I have been riding since 2002 and decided to get on here because I have the urge to hit the slopes with all the snow. Might not be a while, but I hope to gain some info from this site to increase my skill.


----------



## c_mack9 (Jan 9, 2009)

welcome aboard. where do you ride?


----------



## pezman38 (Dec 12, 2010)

Central midwest including: Galena, IL (chestnut), Dubuque, IA(sundown), and Wausua, WI (granite peak).

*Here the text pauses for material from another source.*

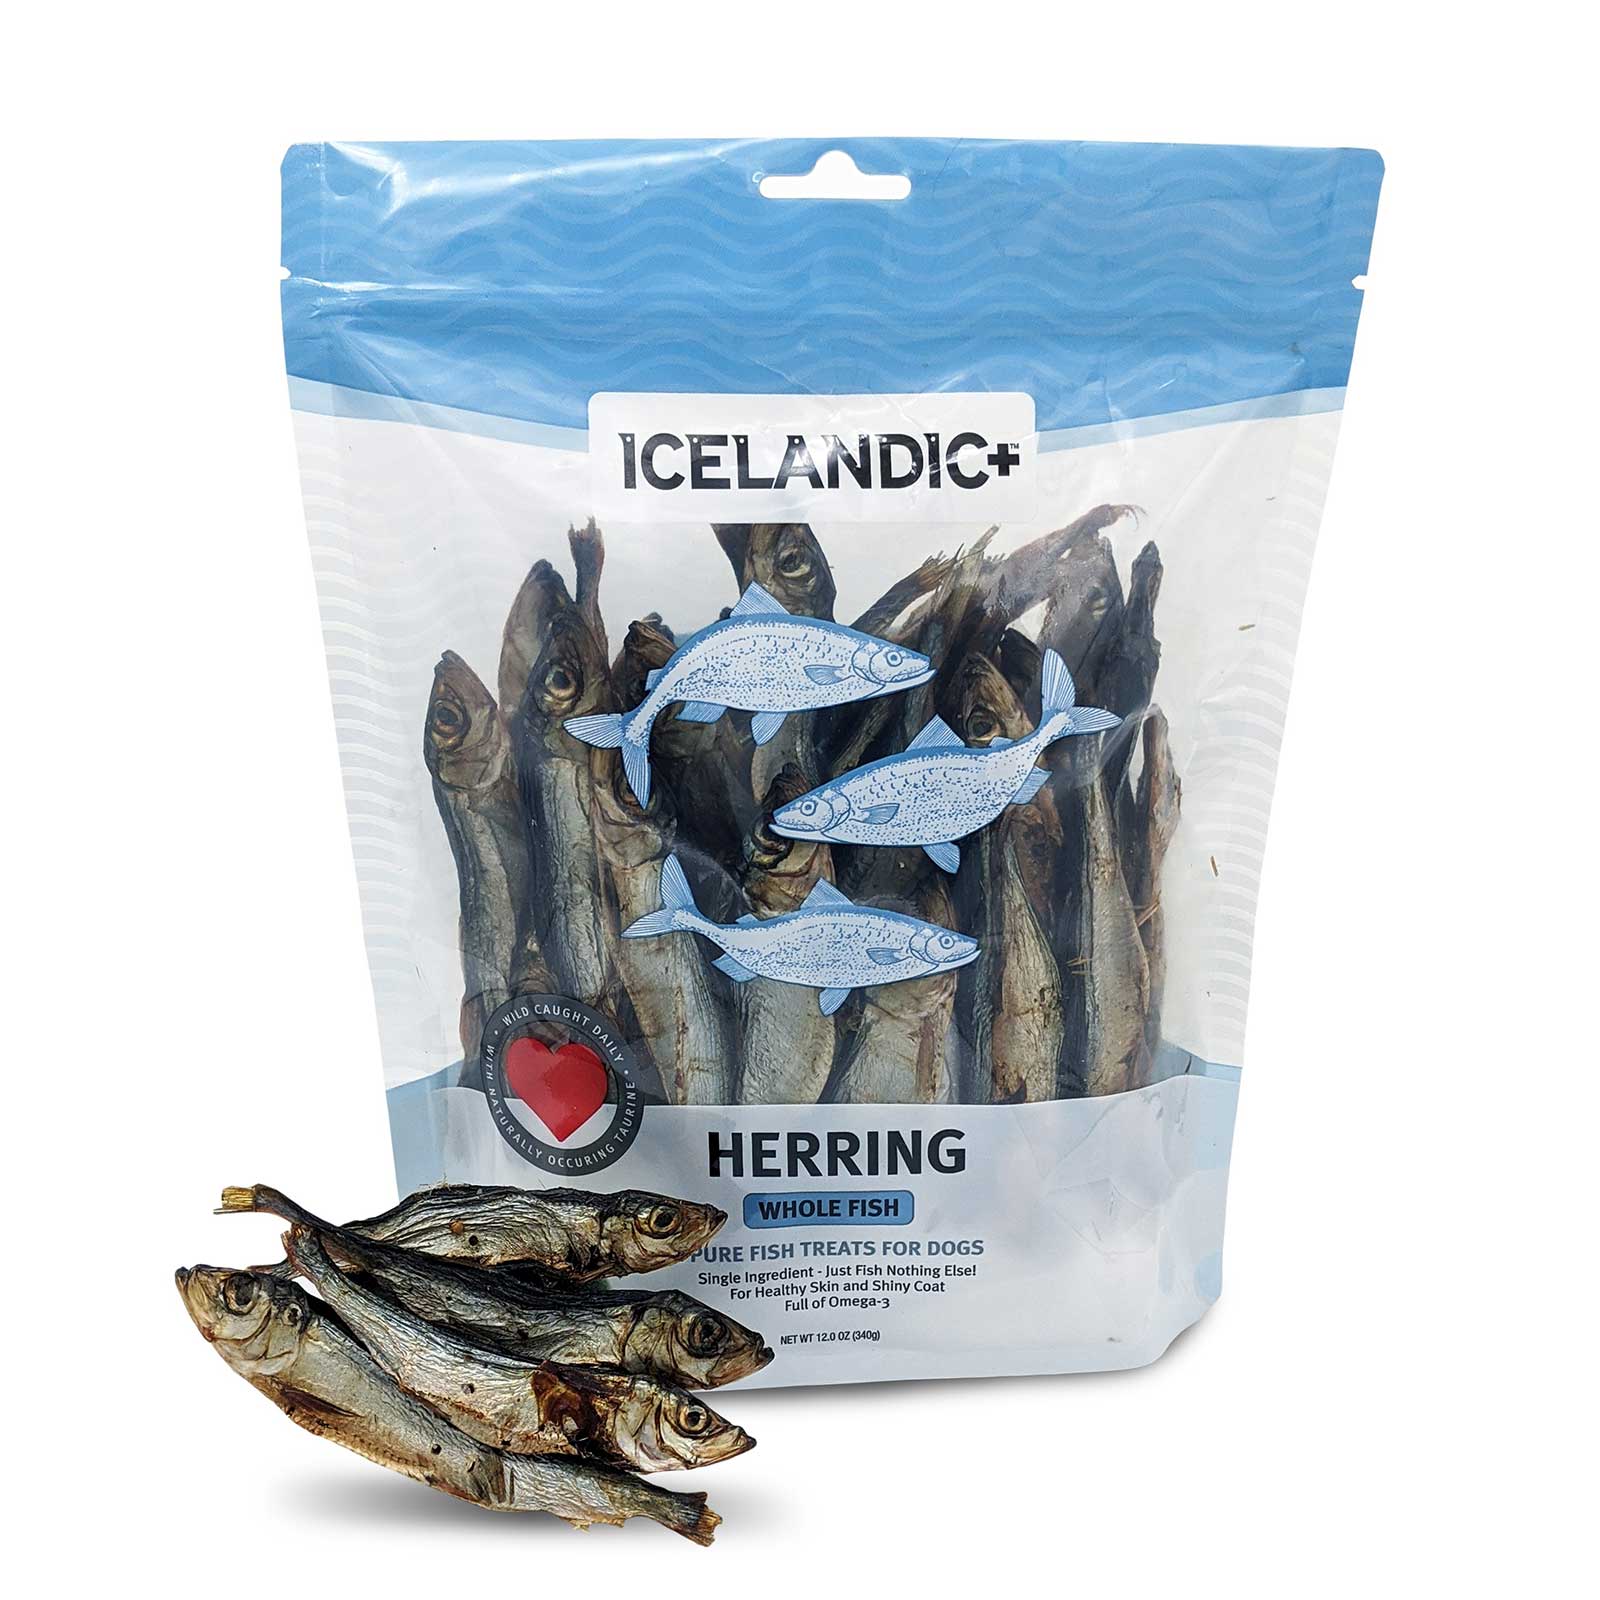 Icelandic Herring Whole Fish Dog Treat
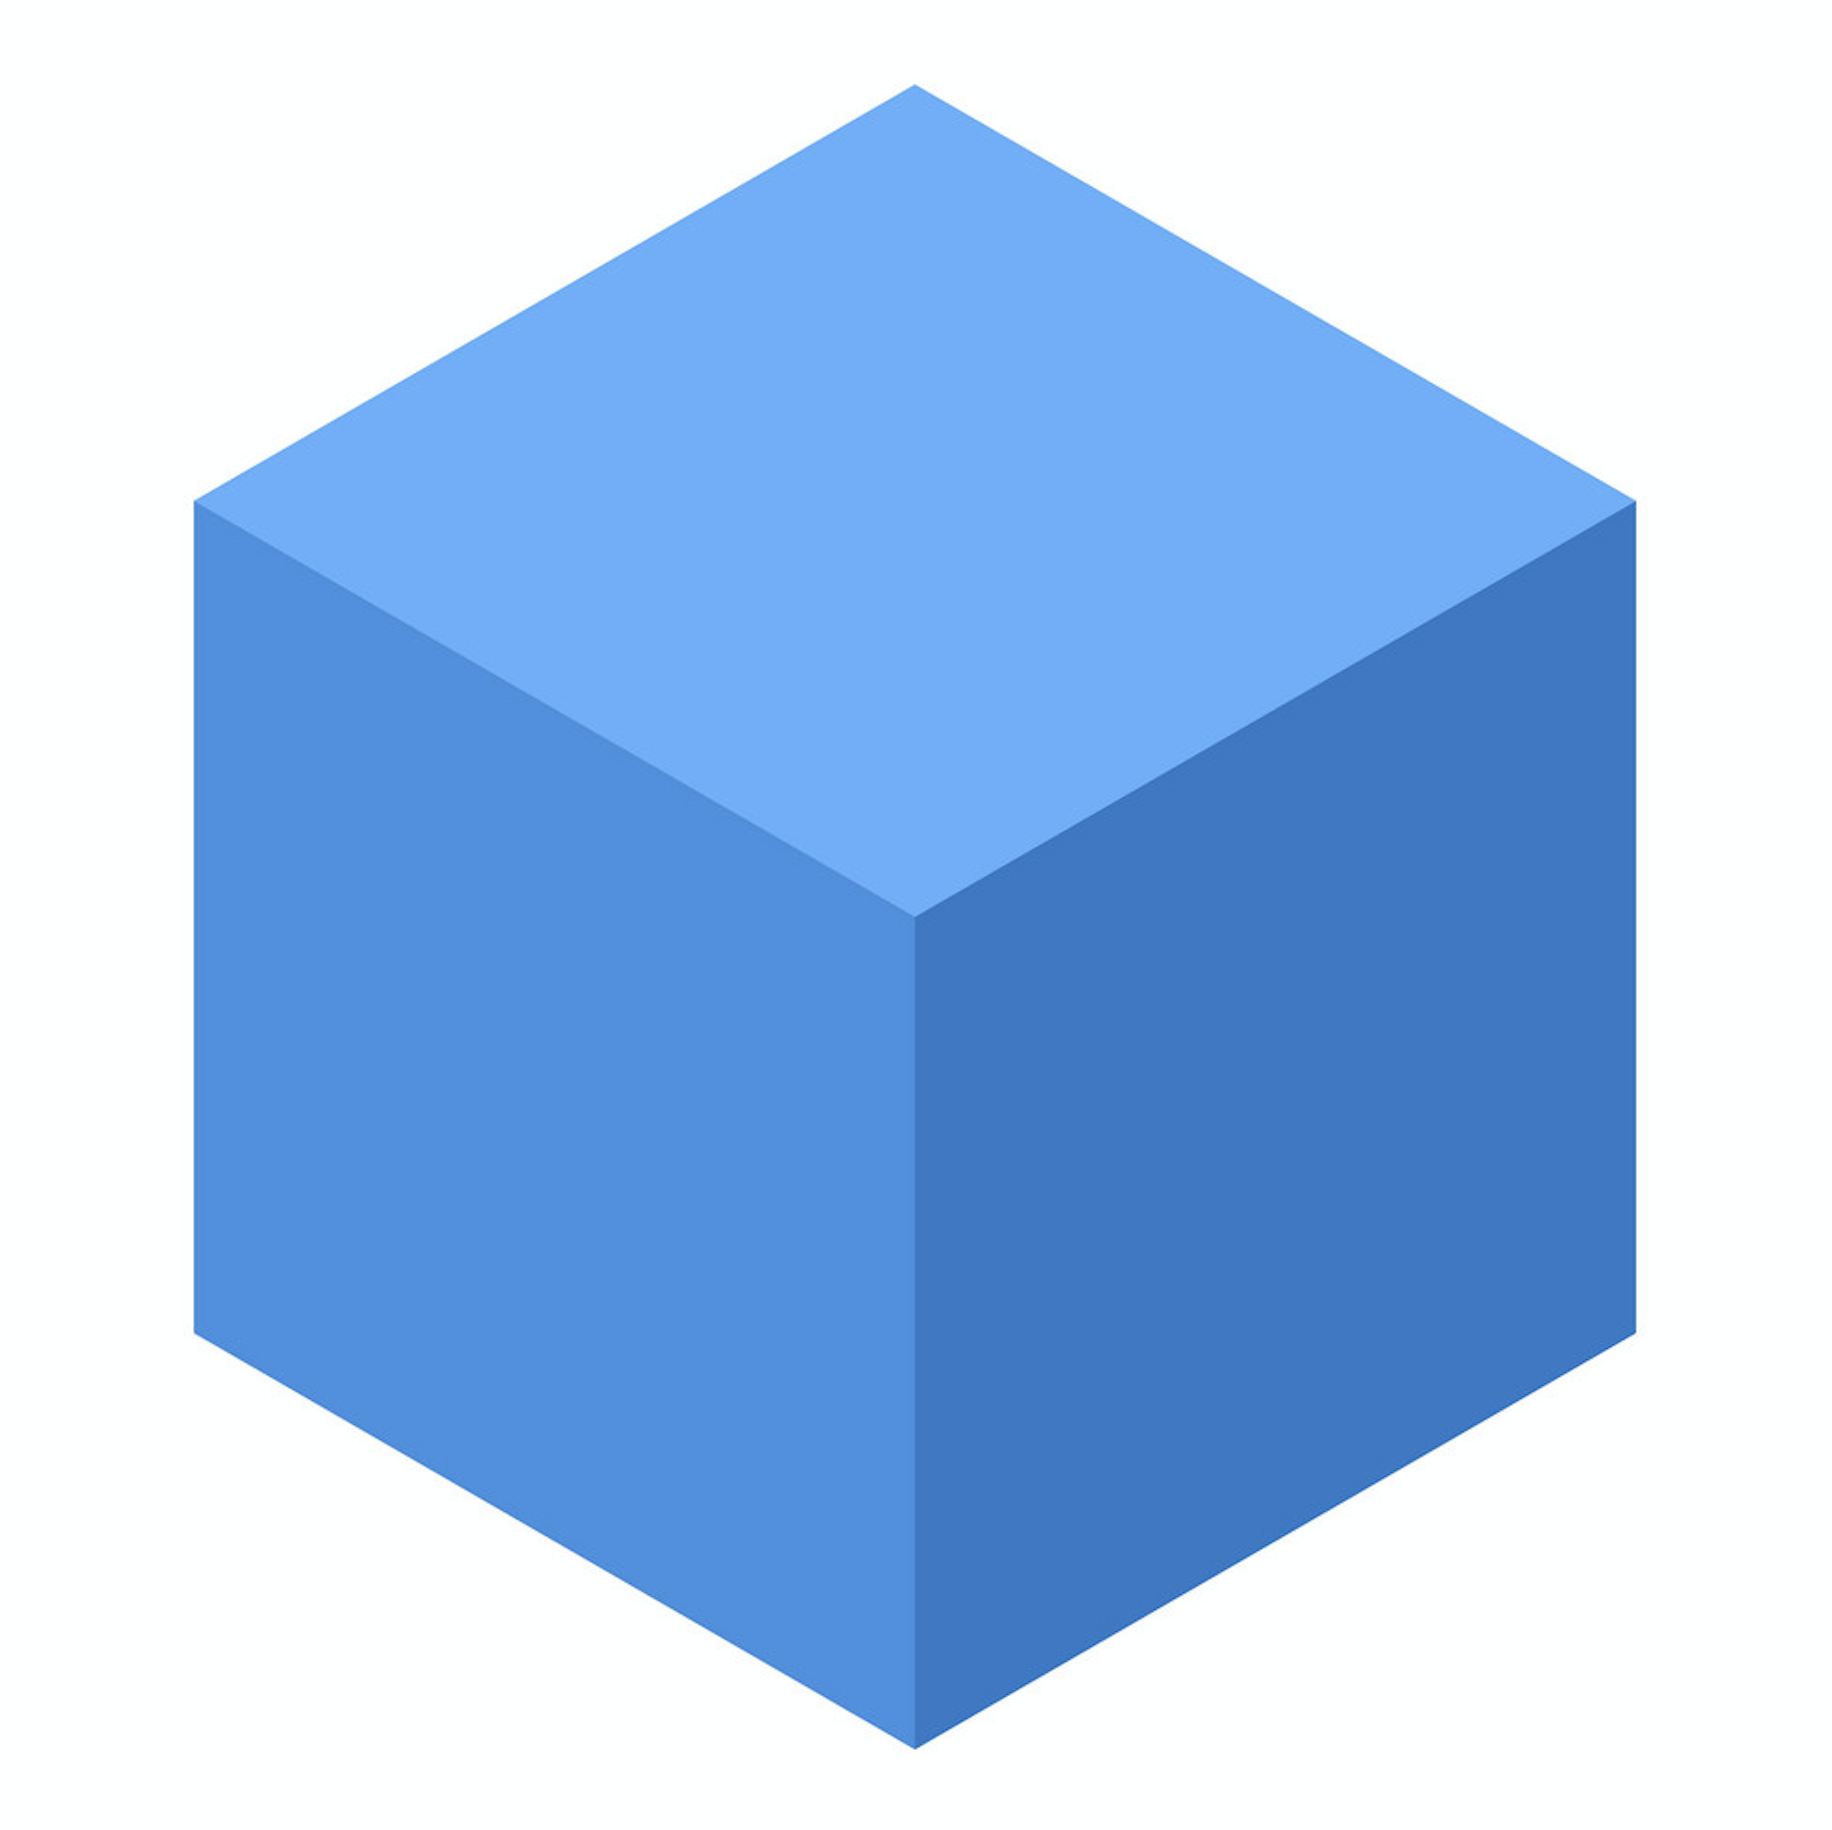 Blue cube. Голубой куб. Изометрический куб. Куб без фона. 3д куб на прозрачном фоне.

I try to get a Colorado trip in whenever I can, went there for spring break in 02 and 03. Just got back again in 2009, Vail, Keystone, and Breck. Sweet trip as I have been teaching my wife, and now she is addicted. I have also been to Heavenly at Lake Tahoe. Tahoe trip was aweful, I got the flu, boarding conditions sucked also. Need to get back there again as it would be excellent with different circumstances.


----------



## c_mack9 (Jan 9, 2009)

good deal man. me and my buds are planning a vail/beaver cree/wherever else trip on spring break this year. we went to vail for 3 days the first week of jan last year. i would like to get up there to try out some of those places you ride at but from where i live snowshoe WV is almost as close. we just have tiny hills here and theyre 3 hours away.


----------



## pezman38 (Dec 12, 2010)

Well of the places I mentioned, Chestnut and Sundown are ok. They get crowed easily, and the amount of snow is always less than desireable, and many times extremly icey.

Granite Peak is worth the drive and worth a weekend of stay. Chestnut and Sundown are 1 day only places, although they are about 10 miles apart, so you could hit both in a weekend. Granite peak is around 6hr drive for me, and the others are roughly 3hrs. I prefer Granite peak hands down. Devils Head in WI, is also a great place that I have yet to visit. Not as good as granite peak, but better than both Chestnut and Sundown.
If you visit Wisconsin, keep in mind they stop selling booze at 9PM. Burnt me last year. Not sure if that was Wausua only, or statewide, I just don't take a chance now.


----------